I waited too long to rent a car and now none are available. I also waited too long to make NYE reservations so didn't get my first choice.

What is this place, St Barths Jr?

----------


## katva

> I waited too long to rent a car and now none are available. I also waited too long to make NYE reservations so didn't get my first choice.
> 
> What is this place, St Barths Jr?



oops!  I'm staying on St. Thomas with an old friend who owns a place there --- she divides her time between there and McLean, VA--- so owns a car.
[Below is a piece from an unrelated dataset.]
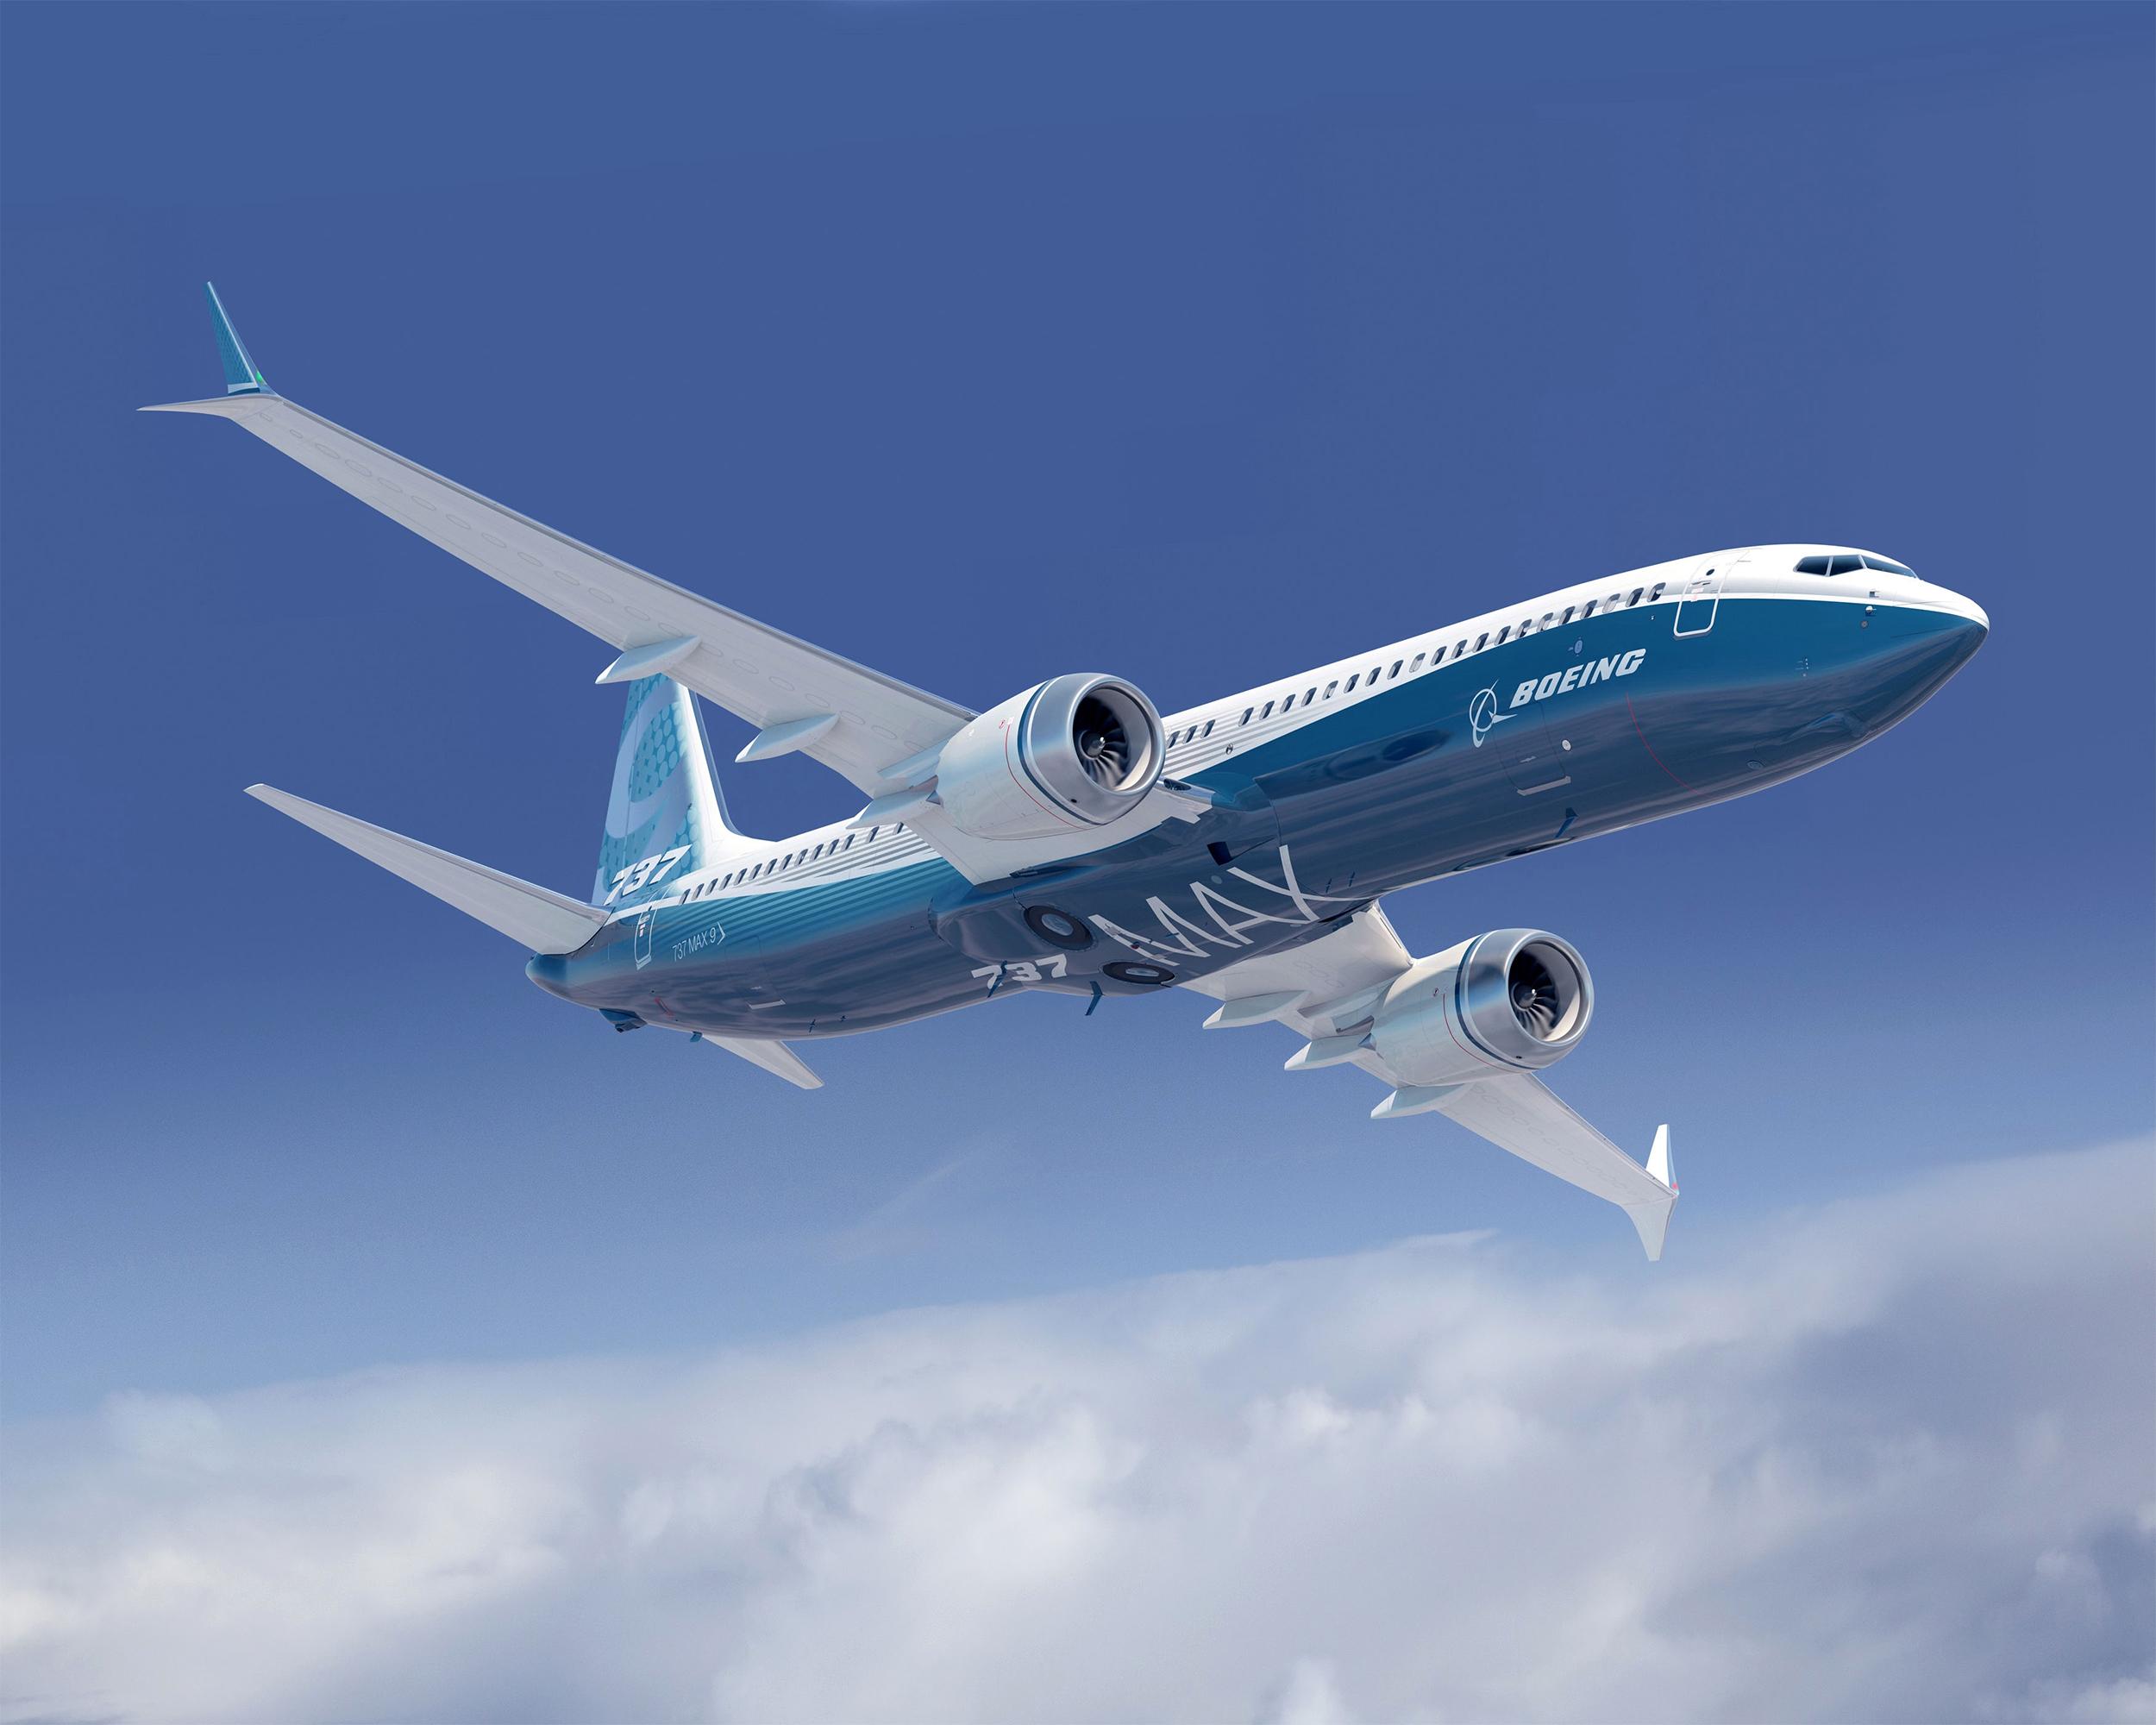 737 MAX 9 (Boeing)
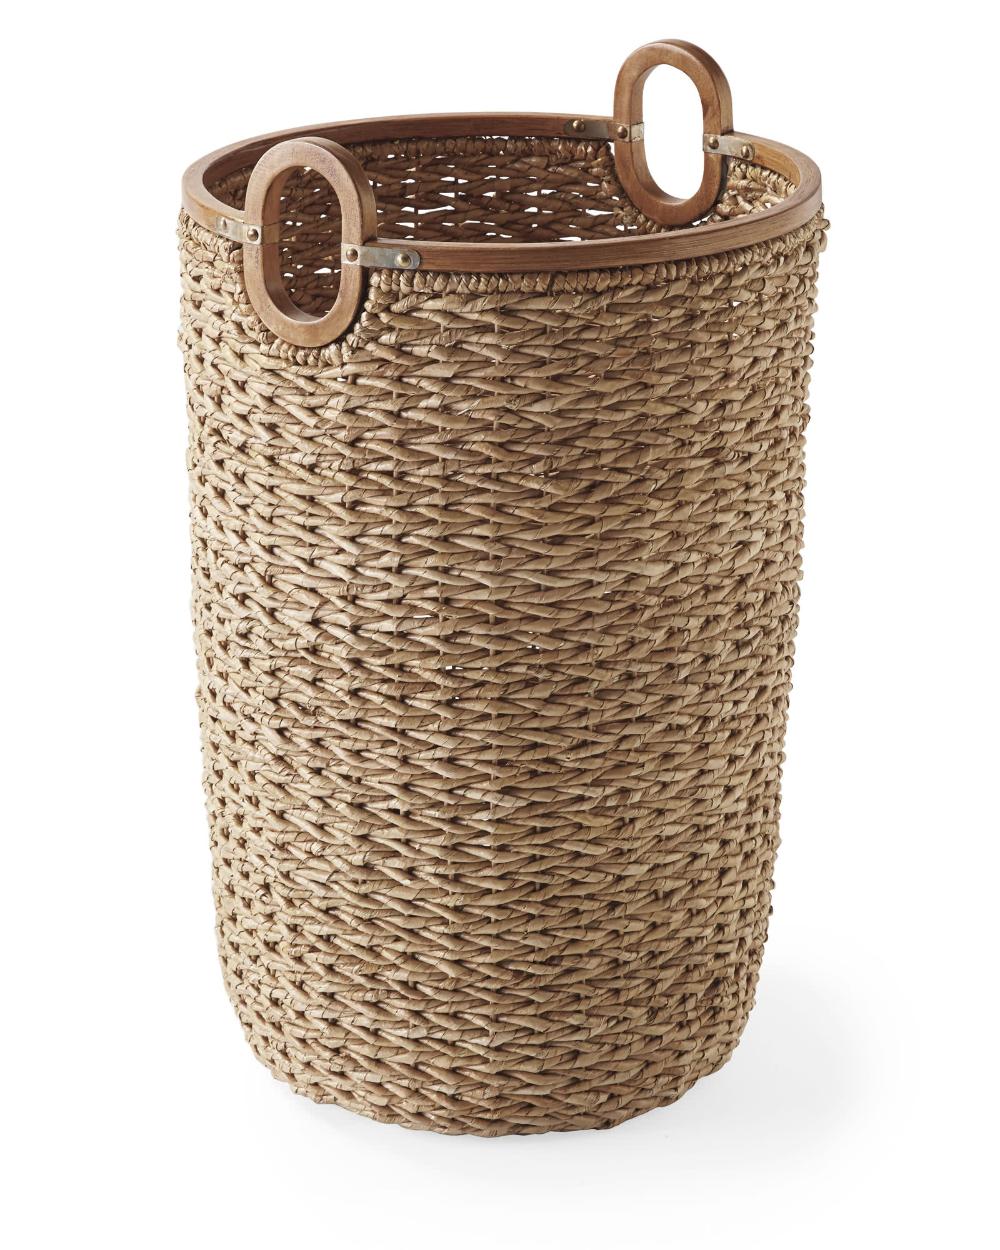 Seagrass Baskets Tall Laundry Basket Seagrass Basket Basket

I'm all set :)

----------


## JEK

Screen Shot 2013-12-31 at 9.00.36 AM.jpg

----------


## JEK

From Dennis -- "8 hours and 93 degrees colder and I'm home."
From iJEK -- Shoulda gone through EWR.

----------


## amyb

What a shock to Dennis and Lisa's systems.

welcome home

----------


## NHDiane

Dennis - if you check back here I'd love to hear a report.

----------


## Dennis

First draft:

Tom Crane is the coolest guy in the world:

DSCF0127.jpg

----------


## Dennis

Two great Caribbean Bars represented in this pic.

The t-shirt is still "soggy".

DSCF0126.jpg

----------


## amyb

Happy and relaxed and SOAKED too.  Adorable.

----------


## JoshA

> Two great Caribbean Bars represented in this pic.
> 
> The t-shirt is still "soggy".
> 
> Attachment 21933



Love that beach! Love that bar! Did you swim ashore with soggy dollars in your pocket?

----------


## Dennis

I had soggy dollars but didn't need them.

----------


## JoshA

How was St. John? How much are happy hour drinks at Woody's these days?

----------


## katva

I'm told this Soggy Dollar spot is on my itinerary coming up very soon!  Looks fun!!!!

----------


## NHDiane

What a terrific photo Dennis!  I have fond memories of St John and it looks like you had a blast.  Tom Crane is indeed cool and generous!

----------


## MotherOcean

Soggy Dollar and SJ is in our future too this spring. Looks like you had fun!!

I can't imagine what those temps felt like when you got back.

----------